Сопряжение лирической и философической медитаций в одном классе дискурсивных практик представляется знаменательным и закономерным: философия столь же интроспективна (платоновский разговор души с самою собой), как и лирика.

Наконец, для перформатива с адресатной интенцией, претендующего на апеллятивную действенность (приказ, просьба, призыв и иные способы «побуждения»), адресат служит одновременно и целевым предметом речевой акции, устанавливающей или переопределяющей его ценностный статус. Нередко представления о перформативах ошибочно сужаются до сферы апеллятивных высказываний.

Отчасти эта парадигма регистров перформативности соотносима с парадигмой грамматического лица (соответственно третьего, первого и второго). Однако интенции перформативного речевого поведения – более глубокий аспект коммуникации, определяемый не грамматической формой, а стратегическим выбором говорящего.

* * *

Изложенное выше позволяет утверждать, что современная нарратология является весьма важным направлением в развитии теории коммуникации, осваивающим проблематику соотносительности нарративности и анарративности в человеческой культуре. В этом качестве она охватывает все дискурсивные практики, область которых складывается из двух базовых родов дискурсии (перформативного и репрезентативного), реализуемых каждый – в одном из трех регистров. Апеллятивный, презентативный и медитативный регистры перформативности различаются своей коммуникативной интенциональностью (адресатной, объектной и субъектной). Регистры репрезентативности, в свою очередь, различаются инстанцией высказывания, ответственной за его смысл. В итеративном дискурсе источником смысла выступает референтная данность описываемого; в миметическом дискурсе смыслообразующей инстанцией «свидетеля и судии» оказывается адресат; в нарративном – сам субъект дискурсии (выступающий в речевом облике нарратора).

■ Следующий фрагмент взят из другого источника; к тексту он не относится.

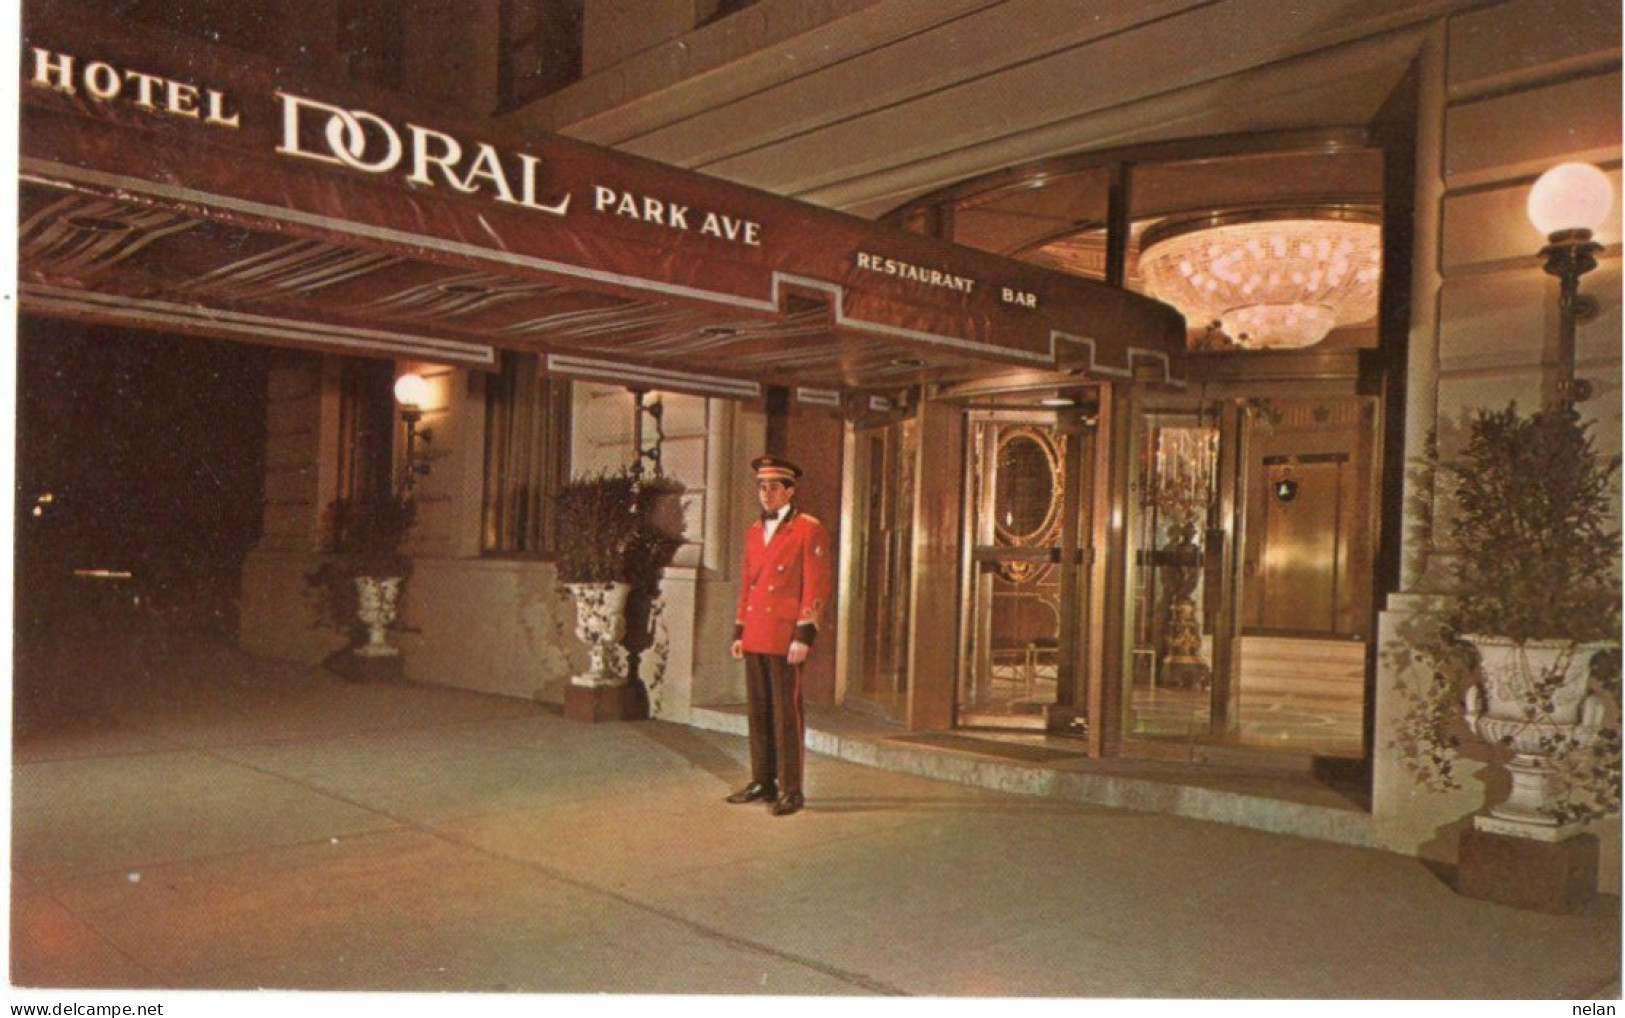 DORAL PARK AVENUE HOTEL - NEW YORK CITY - Cafes, Hotels & Restaurants

Однако нарратология «без берегов», распространяя свою экспансию за пределы речевых практик, представляется методологически сомнительной. «Нарративность» и «перформативность», обнаруживаемые в различных областях зрелищных практик, – не более чем метафорические аналогии, указывающие на действительную проблематику другой междисциплинарной сферы гуманитарного познания: проблематику интермедиальных исследований.